Dan Mallory, 55, owned Meadow Haven Farm, a boarding and sales prep operation in Paris, Ky. Scott, 33, is the oldest of four children, and one of two who are active in the Thoroughbred industry. His brother, Dale Mallory, 31, is an outrider at Lone Star.

"I manage the farm, so we're going to try to just keep things business-as-normal and carry on," said Scott, who drove back to Kentucky on Tuesday.

Scott said his father consigned about 200 horses a year to both yearling and breeding stock sales in Kentucky, Maryland, and Texas. The farm also boards about 100 mares, which are bred to stallions in Kentucky. Among the top horses Dan Mallory has sold are graded stakes winners Danthebluegrassman, Honor Glide, and Traces of Gold.

Jim Cullen, a bloodstock agent who does business with the Mallorys, said he thinks Scott will do well with the operation.

"I think he's going to be fine," Cullen said. "He's a very, very good horseman, and I think he'll do great living up to his dad's legacy."

Scott said, in the coming months, he has 28 yearlings to sell at Keeneland in September, 14 at the Fasig-Tipton sale in Maryland in October, and at least 30 for the Fasig-Tipton sale in Kentucky in October.

"That will keep me going," he said.

Cullen said that Dan Mallory, who was headed to the Texas sale on Sunday, was actually scheduled to fly to town on Saturday night, but that flight was canceled, and he ended up on Flight 5191.

Scott said he was able to soldier on Monday because of the drive his father instilled in him a long time ago, a drive that stems from a lifetime of working with animals dependent on daily care.

"I've grown up on the farm," he said. "If we didn't go to school for snow or whatever, we didn't get to sleep in and watch cartoons. In the summer, we bailed hay, all that stuff."

Scott said being honest in business is the greatest professional lesson he takes from his father. He said as a testament to his father he plans to continue to sell horses under the consignment banner of Dan Mallory.

Hastings vet among crash victims

It was confirmed Tuesday that Anne Bailey, a veterinarian technician at Hastings, was among those who died when Comair Flight 5191 crashed after takeoff from Blue Grass Airport on Sunday.

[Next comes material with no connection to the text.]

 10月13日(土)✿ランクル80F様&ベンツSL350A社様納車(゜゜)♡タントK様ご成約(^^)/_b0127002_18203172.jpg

According to her employer, Dr. Ed Wiebe, Bailey was in Lexington to attend a four-day veterinarian-technical conference. Wiebe heard about the crash Sunday from a staff member at a Kentucky vet clinic who had attended the conference with Bailey and had driven her to the airport. Wiebe said that he immediately informed Bailey's husband, Michael Simard, about the crash.

Bailey, who was 49, had worked for Wiebe for the past five years.

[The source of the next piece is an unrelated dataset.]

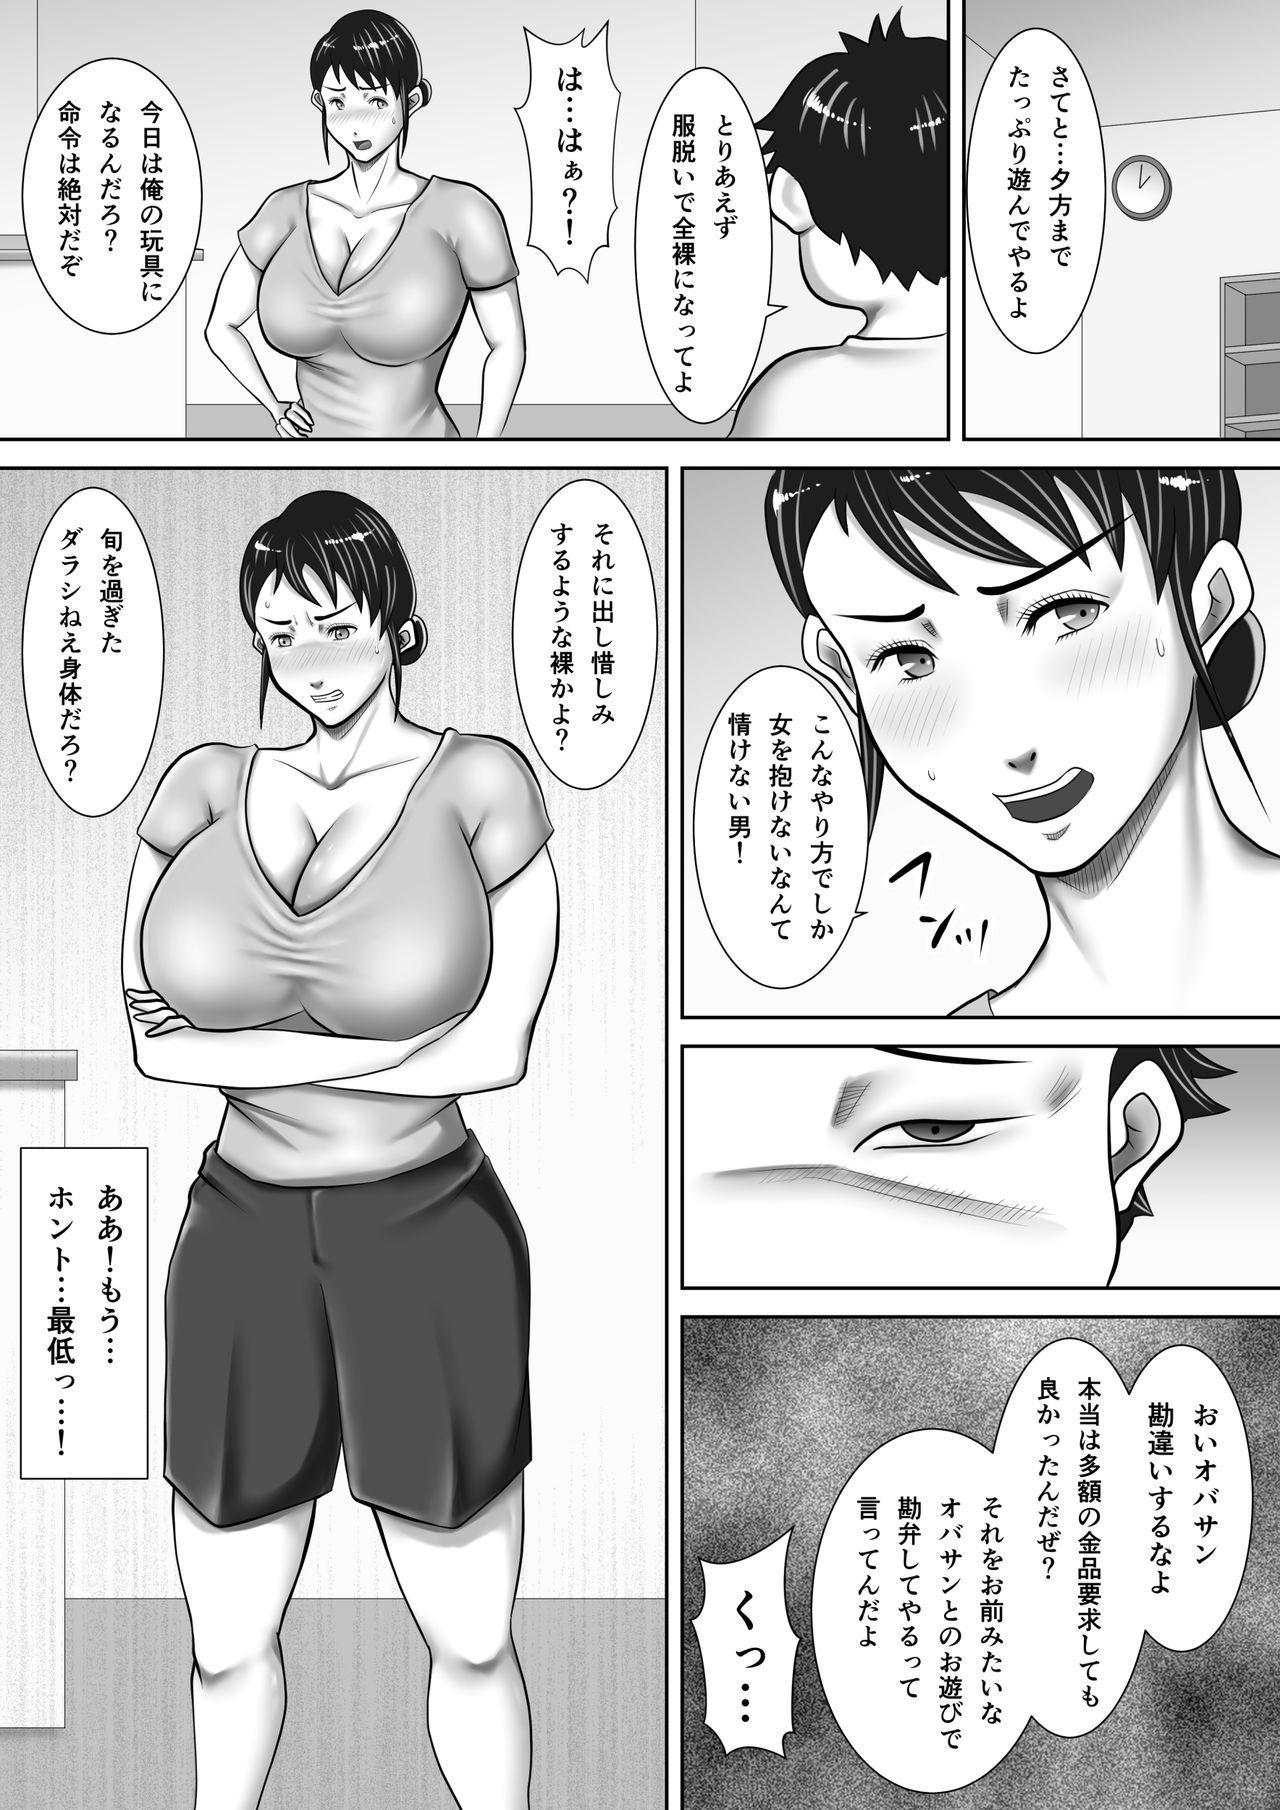 Jitaku de Netorareta Kachiki na Hitozuma 14

"She basically organized our whole practice," said Wiebe. "As well as being a wonderful person, she was indispensable."

Randy Lane, an owner and trainer at Hastings, echoed the feelings of everyone on the Hastings backstretch.

"Anne went to every barn every day, and she knew everyone at the track," he said. "She was always happy to see you and she made everyone a better person for knowing her. She's really going to be missed."

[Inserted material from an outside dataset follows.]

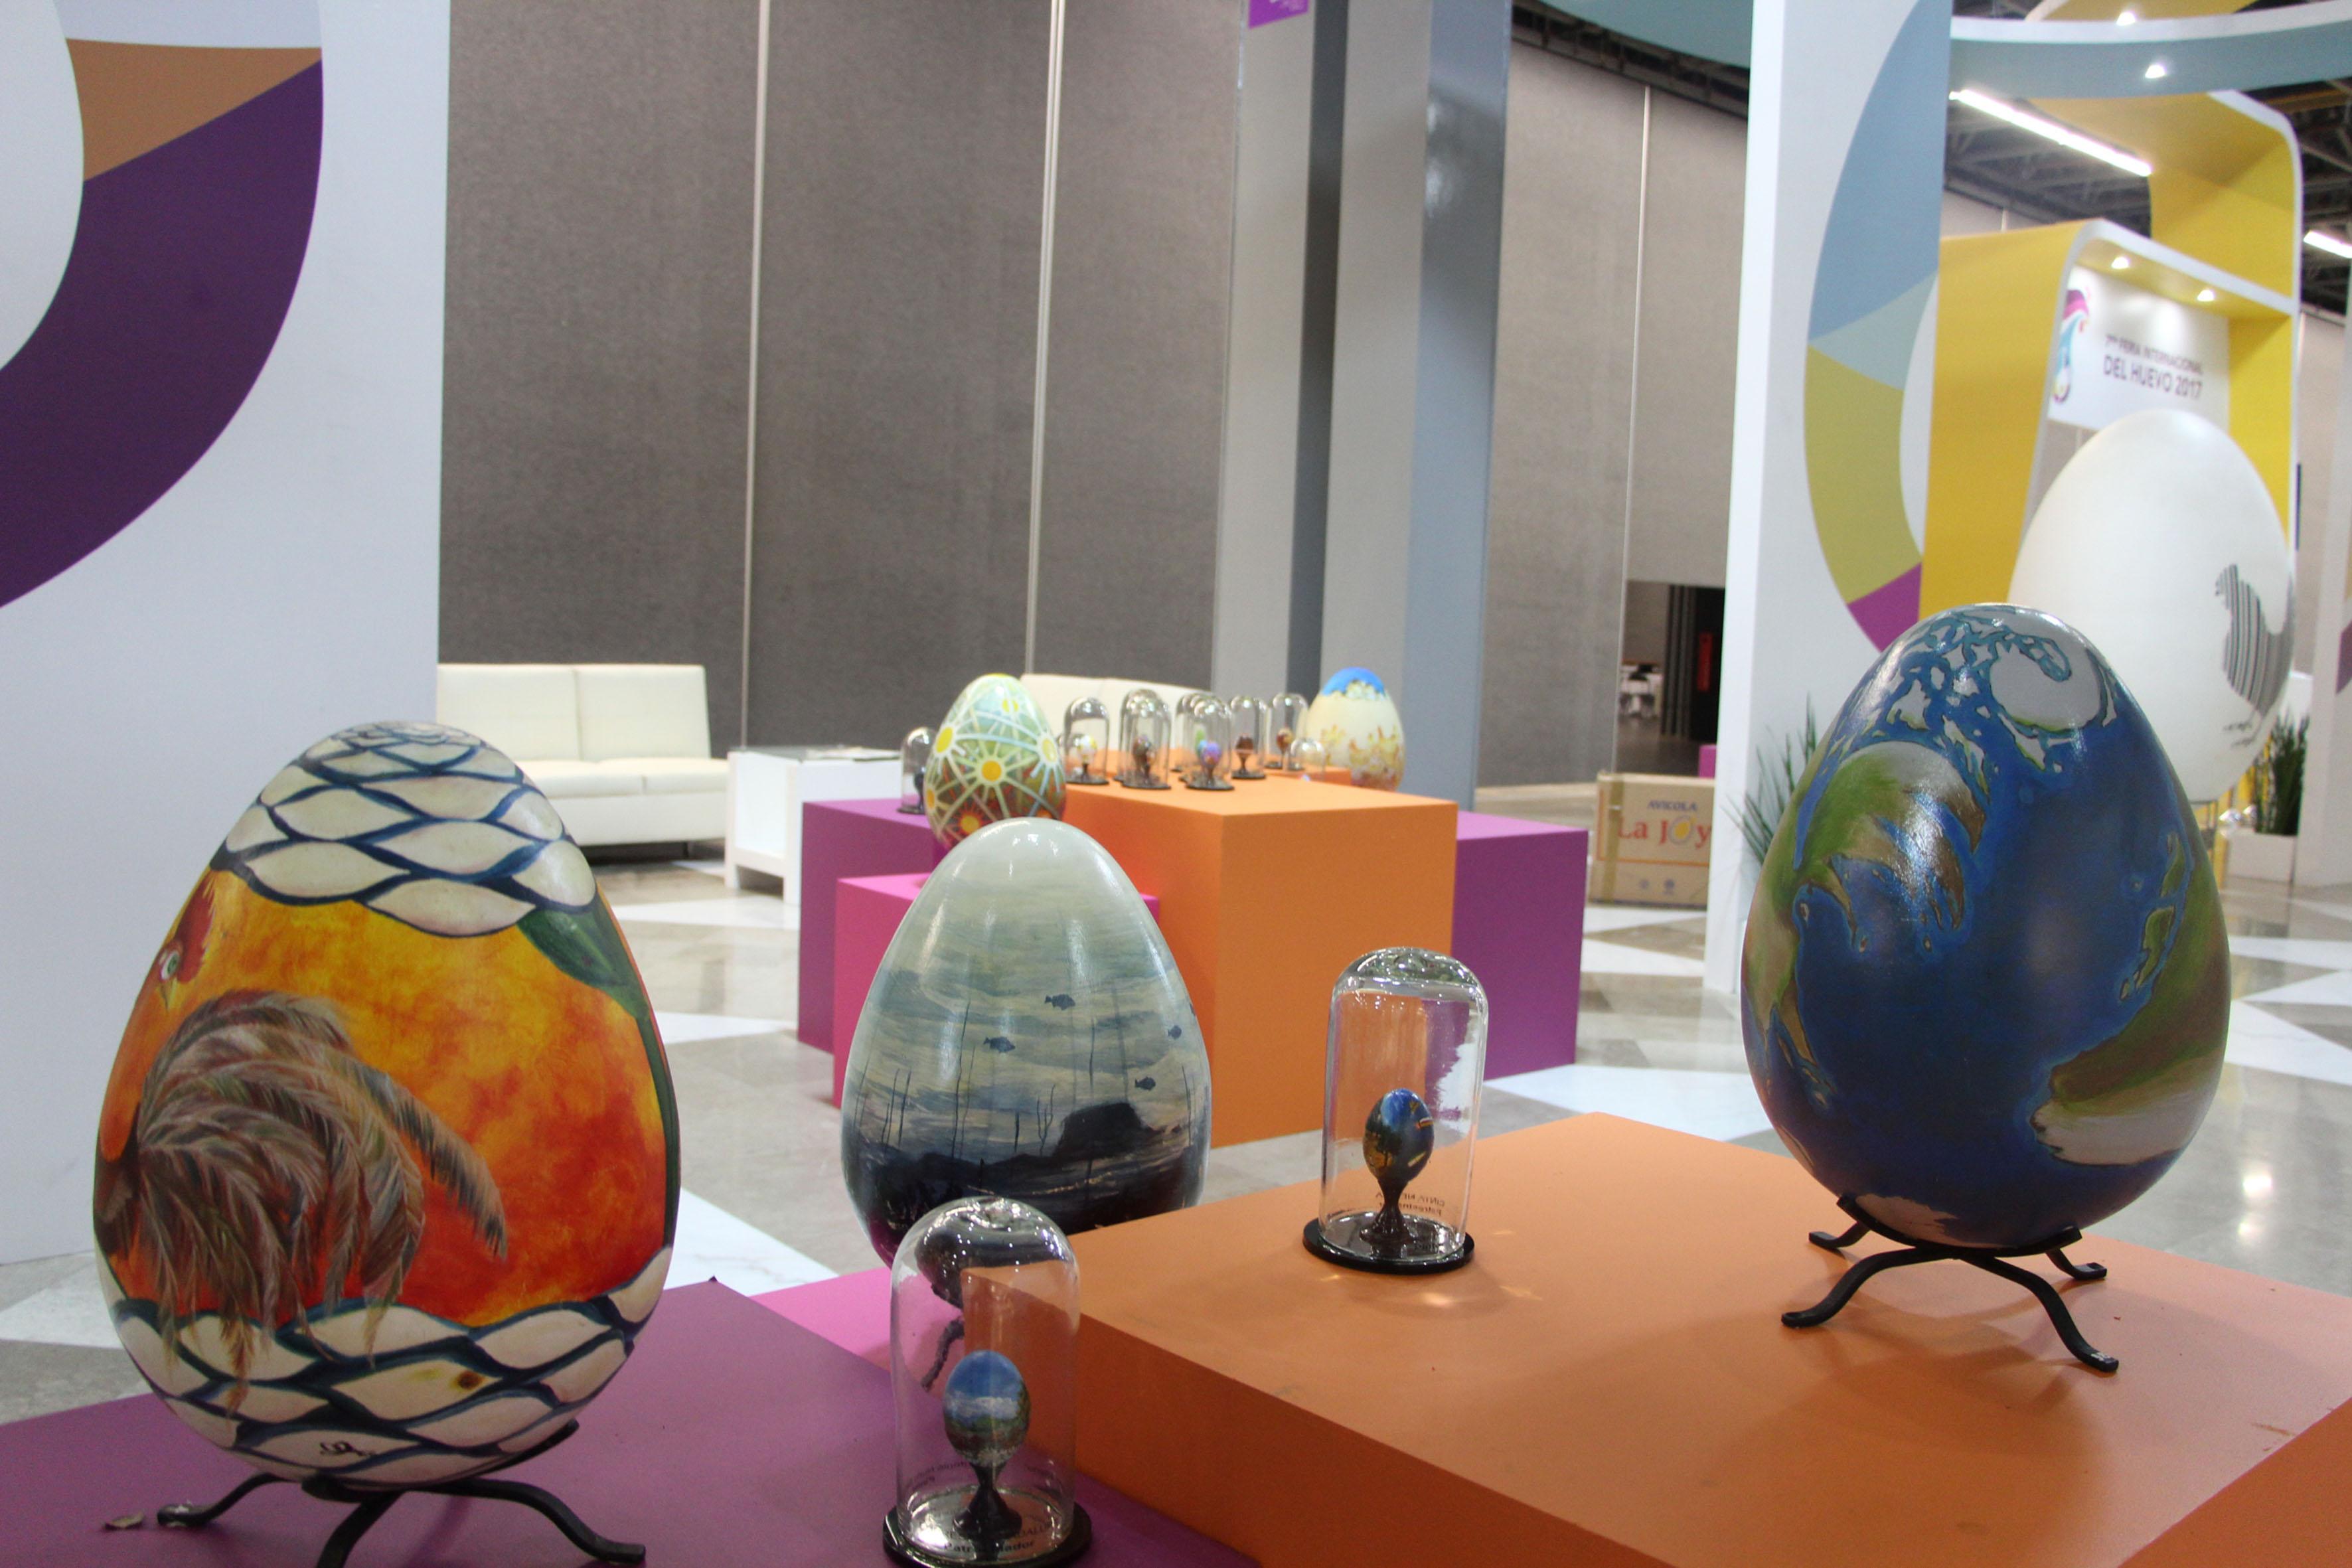 Pabellón de exihibición de las piezas artísticas plasmadas en huevos de diferentes dimensiones, expuestas en el XXV Congreso Latinoamericano de Avicultura, que tiene como sede la ciudad de Guadalajara, en Expo Guadalajara.

Pilots noticed lack of runway lights

In Lexington, National Transpor-tation and Safety Board investigators said Monday night that the plane's captain, Jeffrey Clay, and first officer James Polehinke were aware during the takeoff that the lights were off on the runway they were using. NTSB member and spokesman Debbie Hersman said that the cockpit voice recorder taped a conversation between the men in which they commented on the lack of runway lights.

According to the investigation, Runway 26 had been in use as a daylight-only runway for general aviation, as opposed to commercial airlines, and that it had not been lit since 2001. Runway 26 is a 3,500-foot runway, far shorter than the 7,000-foot Runway 22, which the flight crew had intended to use.

Hersman also said investigators had determined that Clay had been at the controls when the plane was taxiing and Polehinke had been at the controls when the plane attempted takeoff and crashed. Polehinke, 44, is the flight's sole survivor and remained in critical condition in a coma Tuesday at the University of Kentucky hospital.